(Extracted data entries)
== Segment start ==

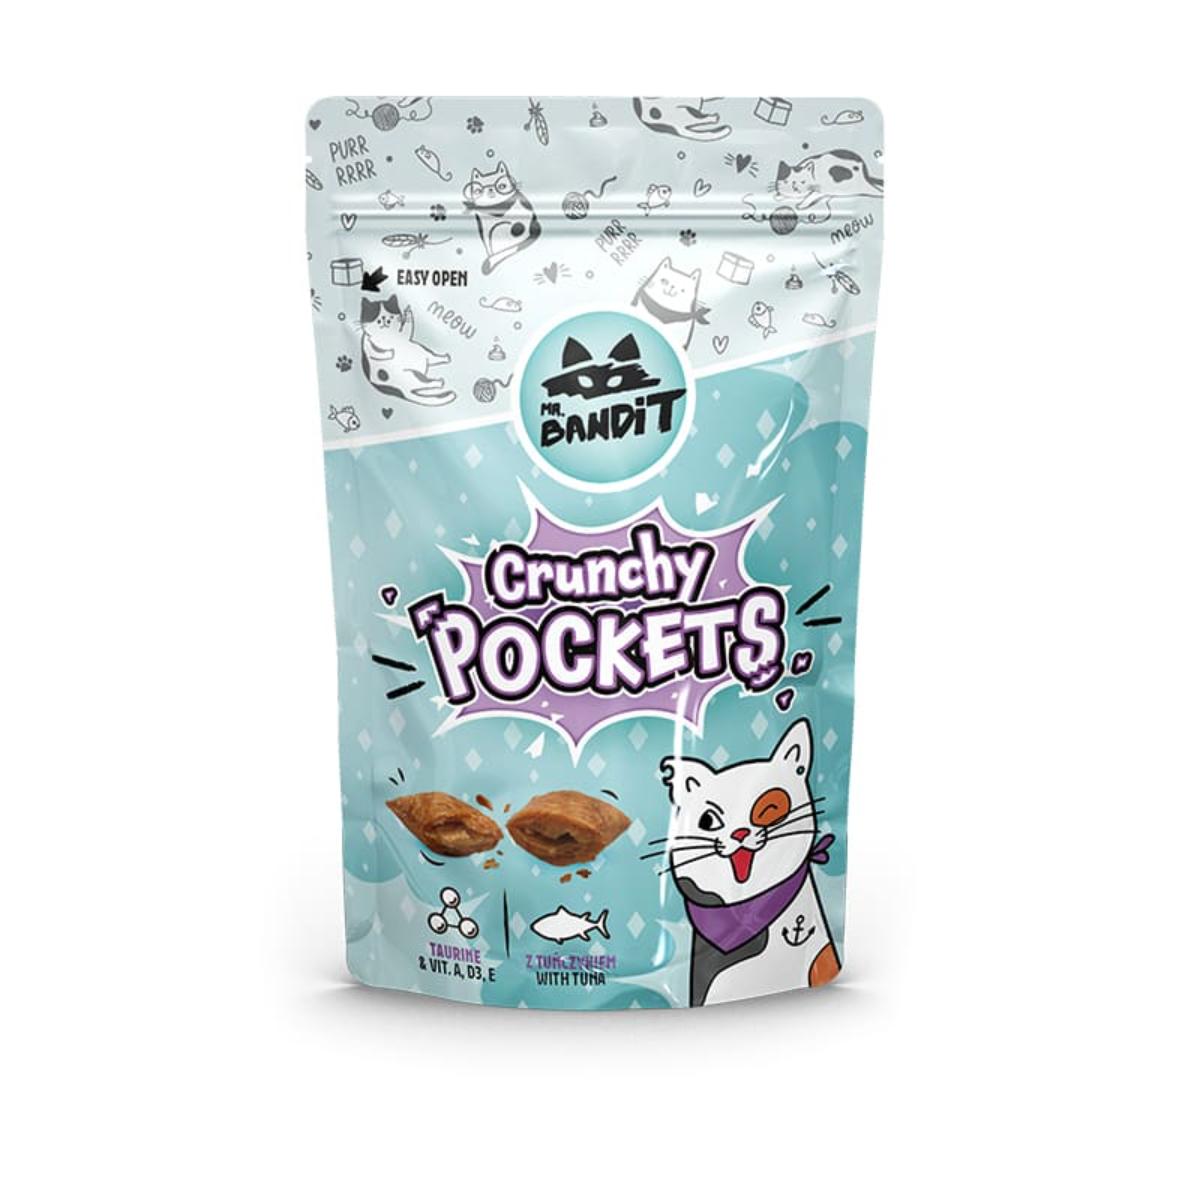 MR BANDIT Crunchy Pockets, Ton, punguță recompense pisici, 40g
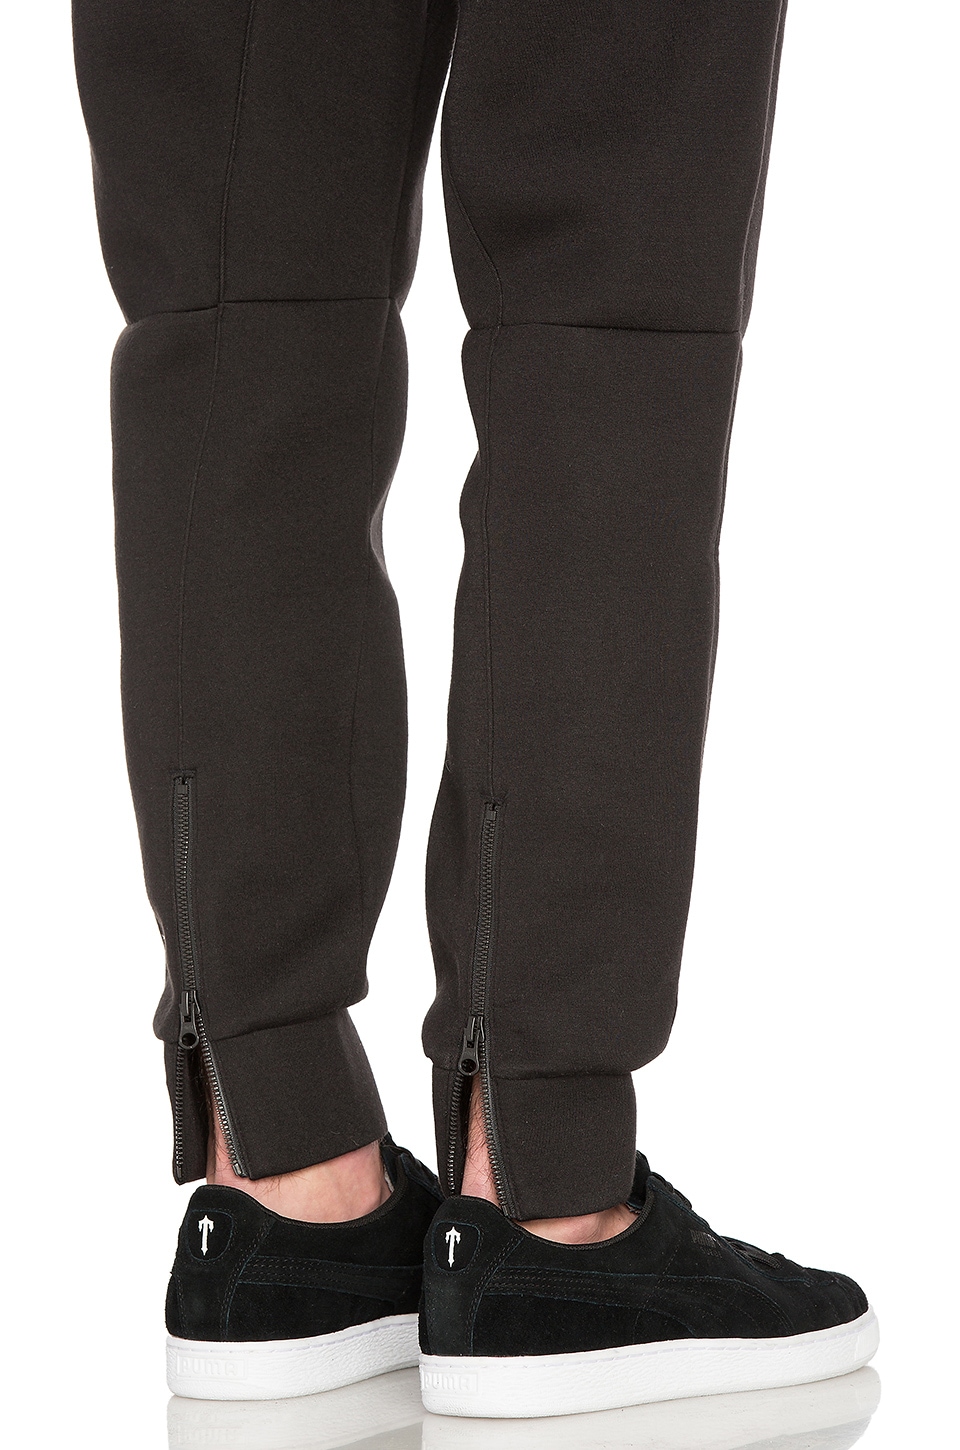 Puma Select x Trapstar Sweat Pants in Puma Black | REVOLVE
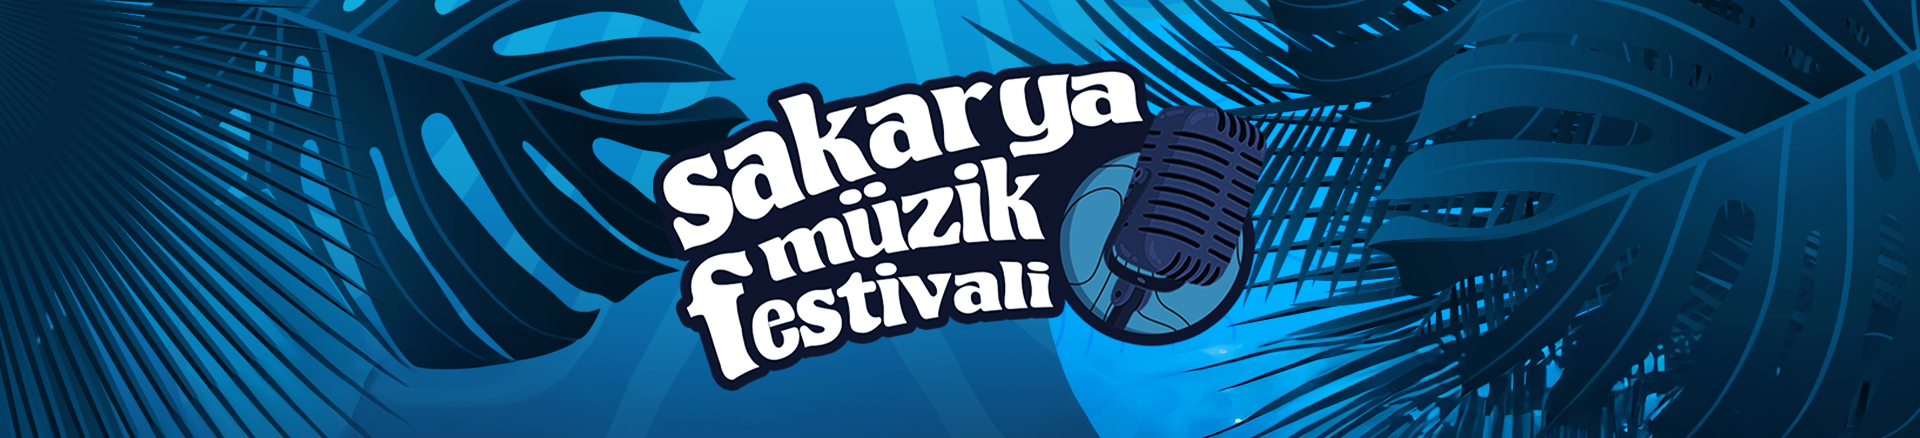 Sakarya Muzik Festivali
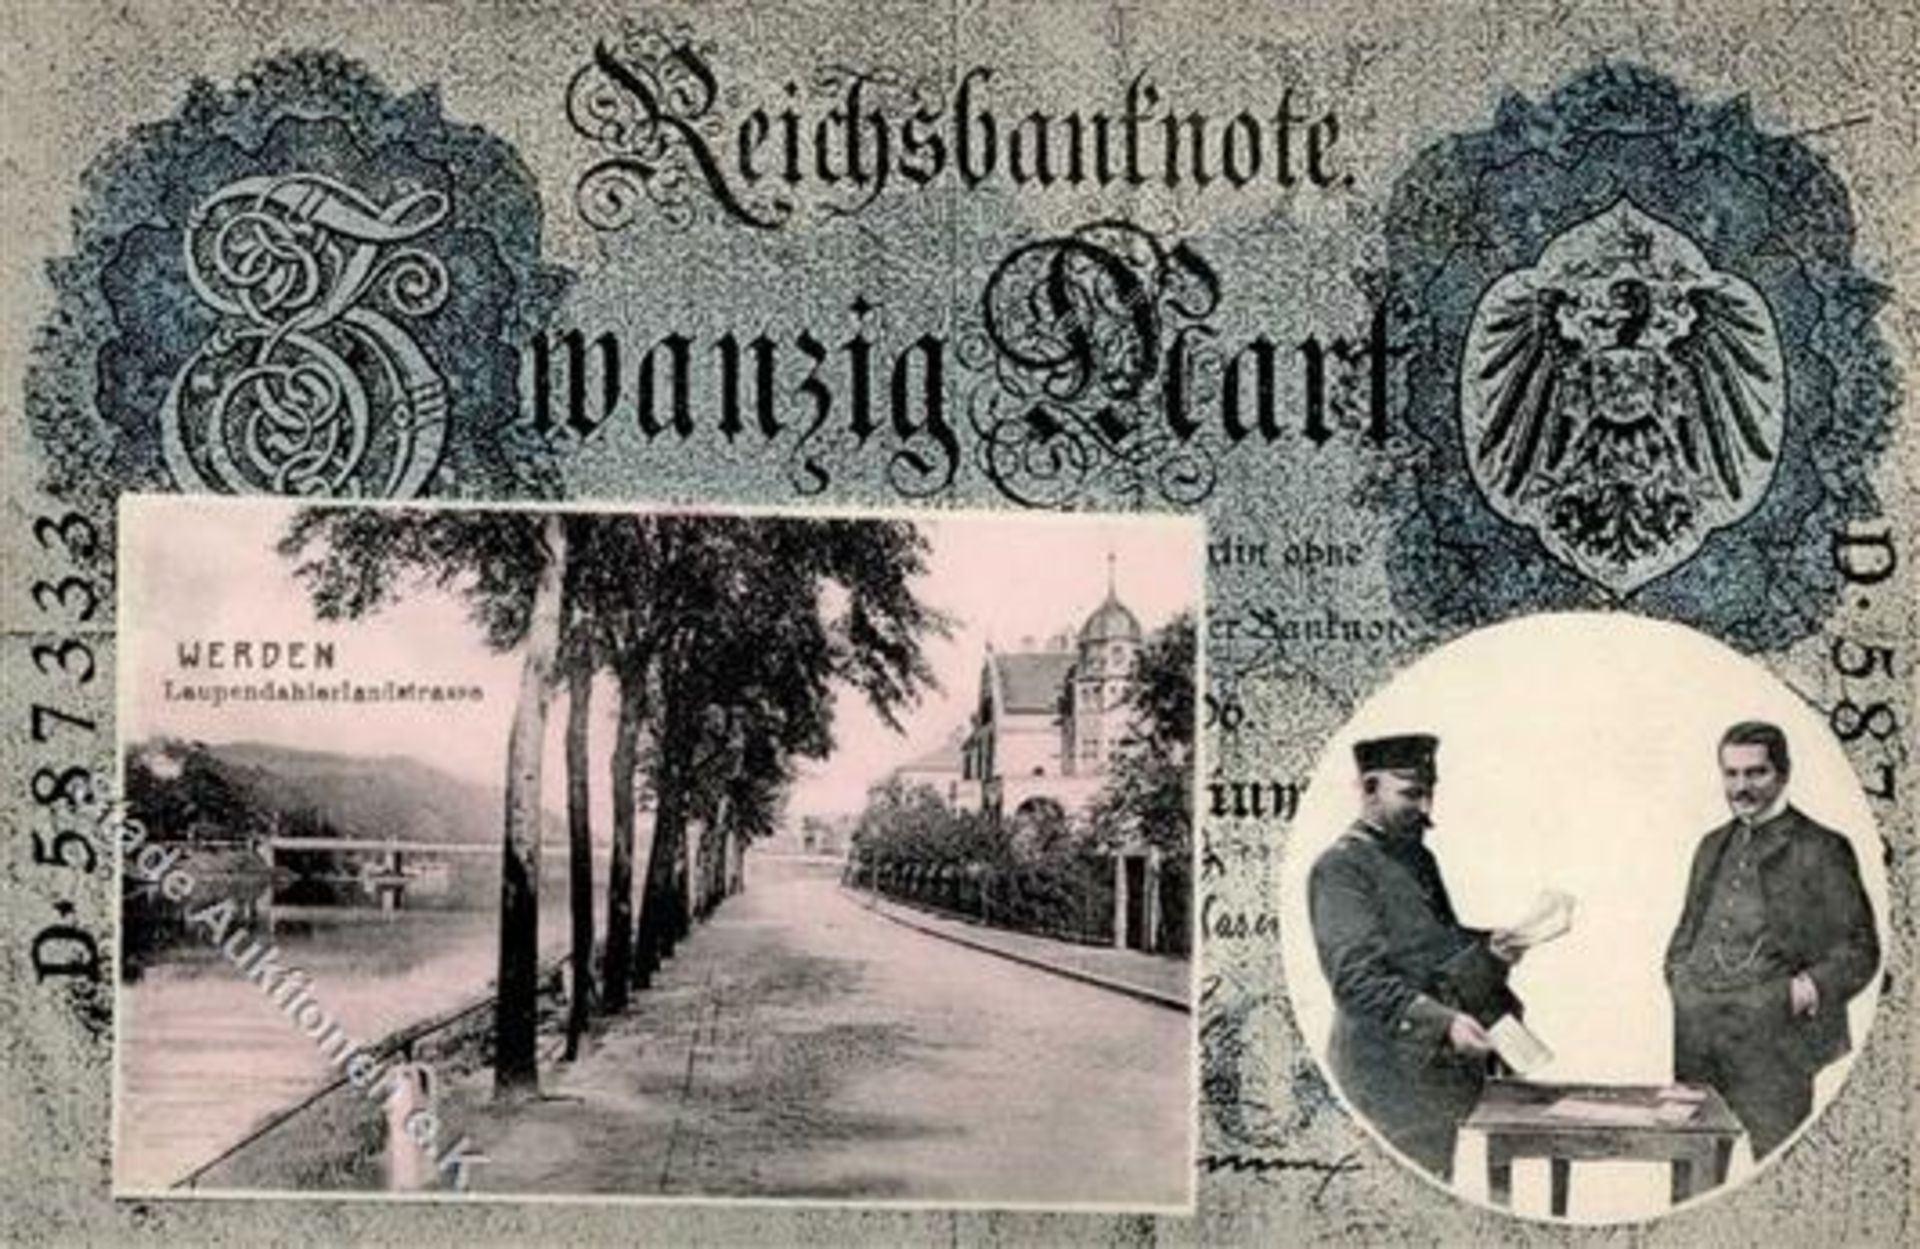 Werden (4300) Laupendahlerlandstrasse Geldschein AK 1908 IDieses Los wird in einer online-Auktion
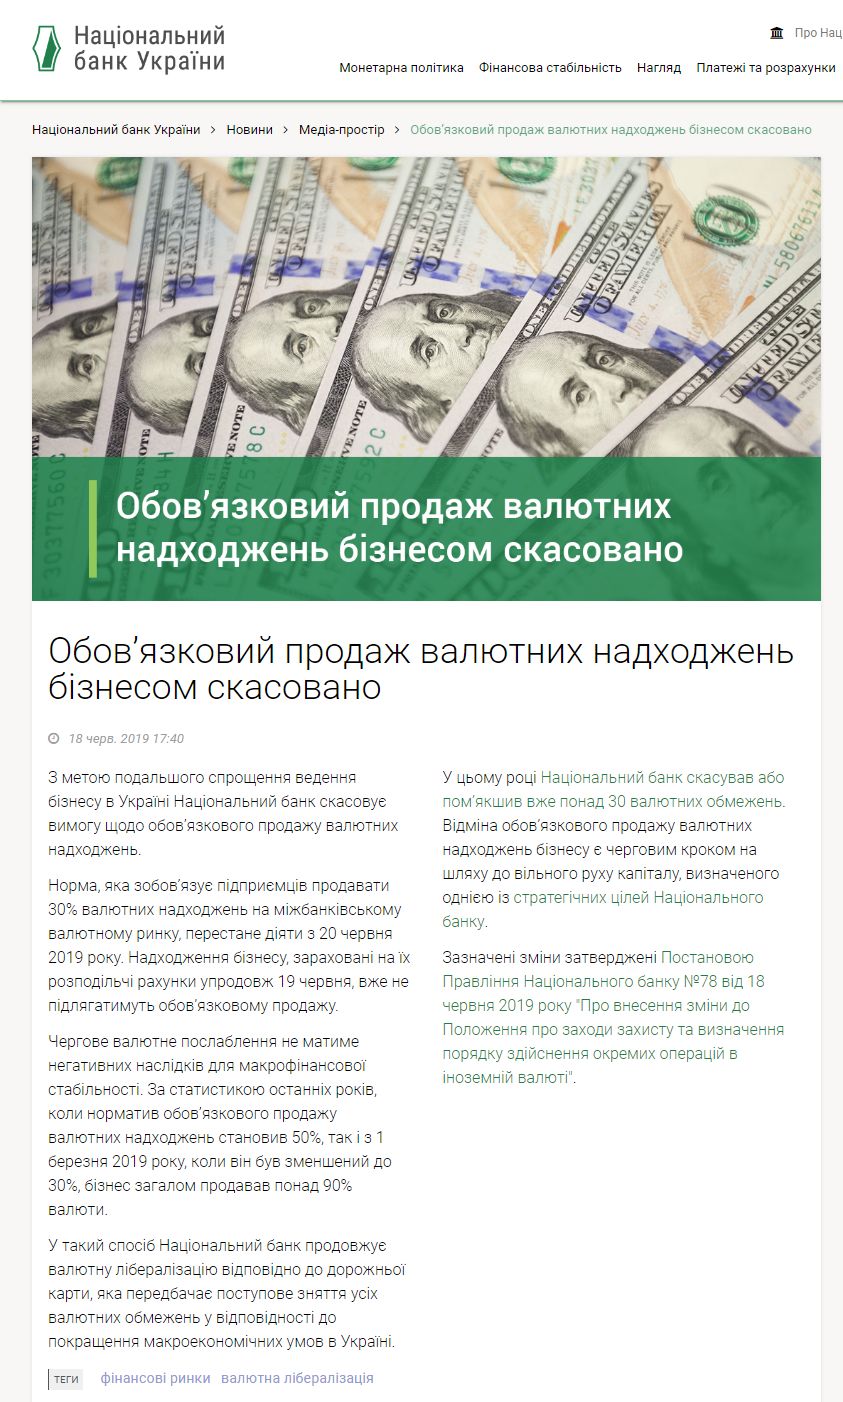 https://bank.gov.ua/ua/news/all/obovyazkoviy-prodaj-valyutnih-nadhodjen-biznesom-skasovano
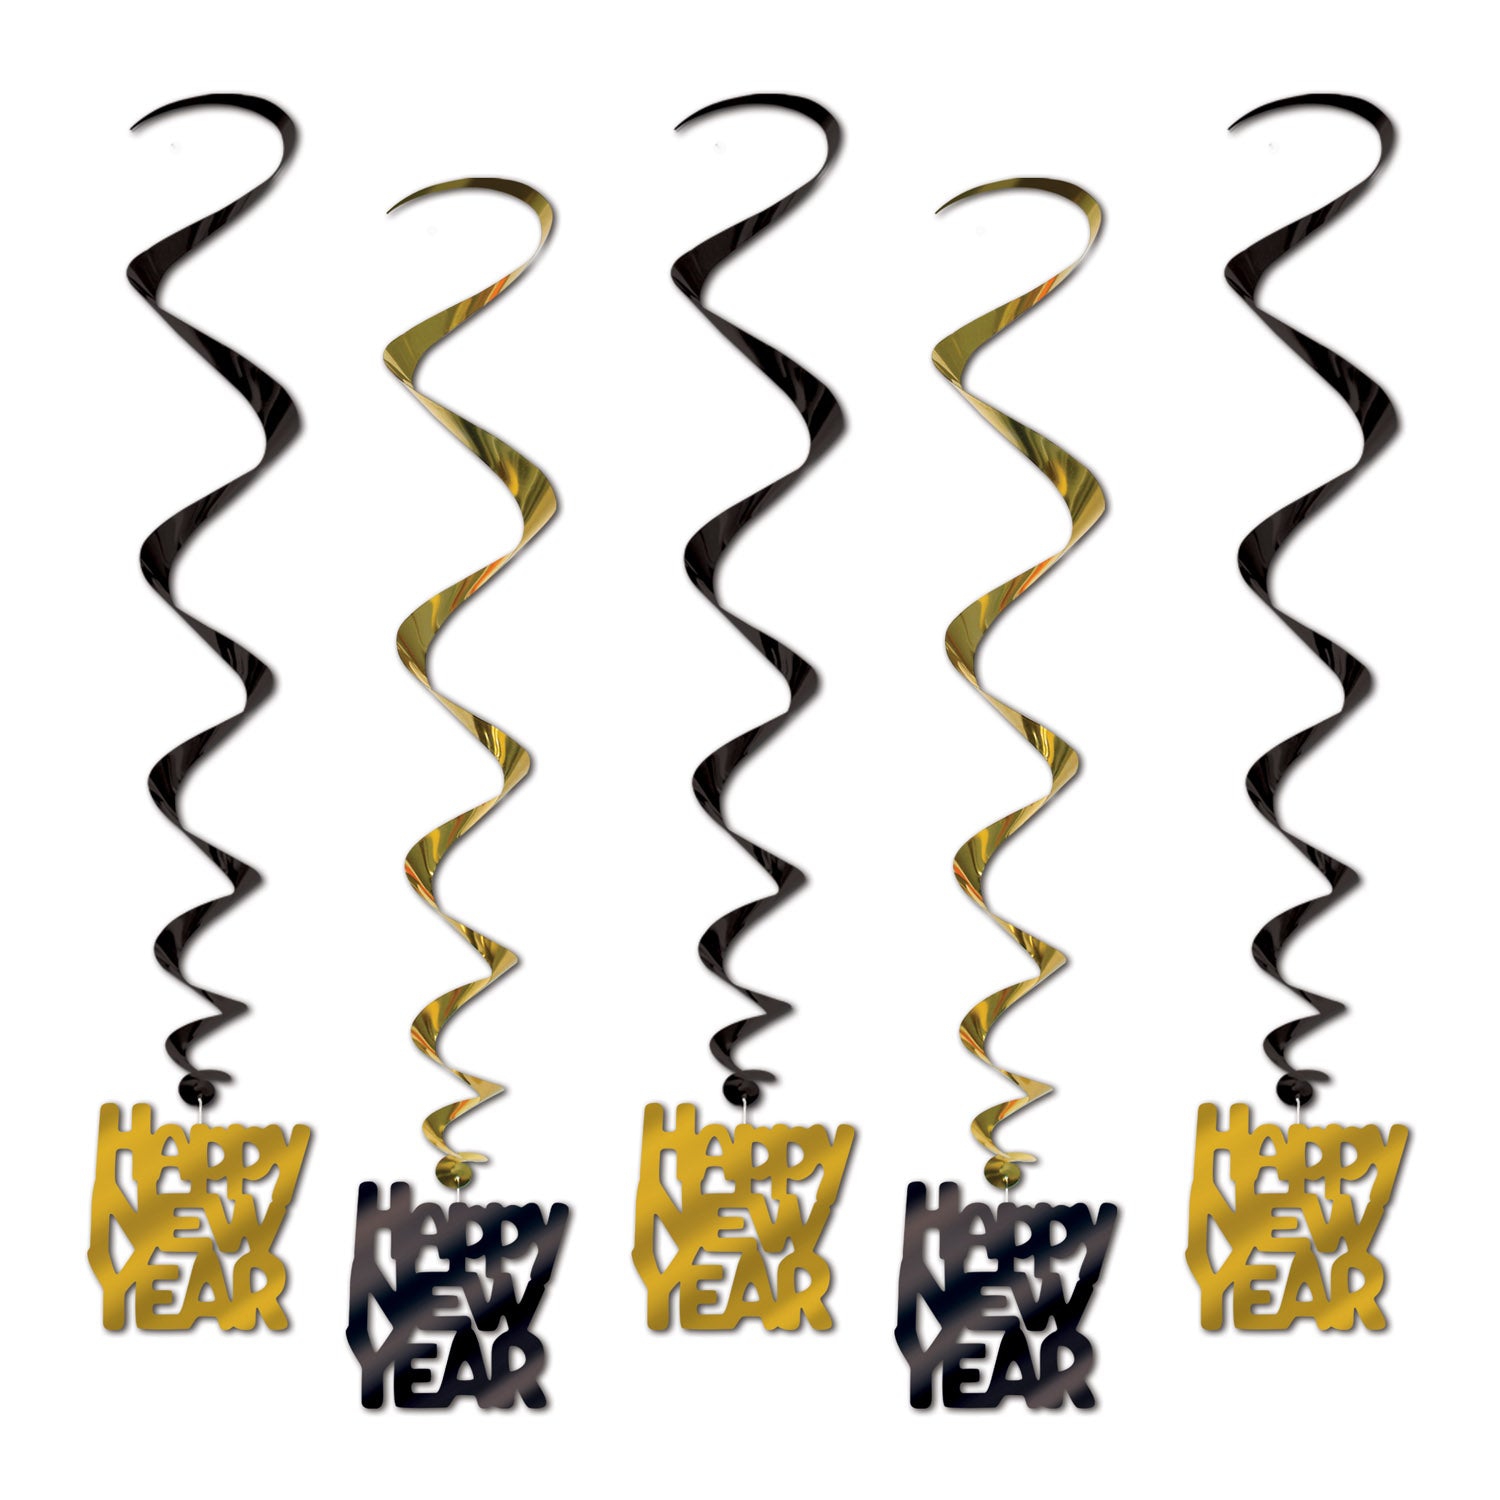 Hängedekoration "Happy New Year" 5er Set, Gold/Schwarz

== Segment end ==

Exercise prompt: Exactly repeat the data above; the pictures do not belong in your copy.

Written answer:
 MR BANDIT Crunchy Pockets, Ton, punguță recompense pisici, 40g
 Puma Select x Trapstar Sweat Pants in Puma Black | REVOLVE
 Sakarya Muzik Festivali
 Werden (4300) Laupendahlerlandstrasse Geldschein AK 1908 IDieses Los wird in einer online-Auktion
 https://bank.gov.ua/ua/news/all/obovyazkoviy-prodaj-valyutnih-nadhodjen-biznesom-skasovano
 Hängedekoration "Happy New Year" 5er Set, Gold/Schwarz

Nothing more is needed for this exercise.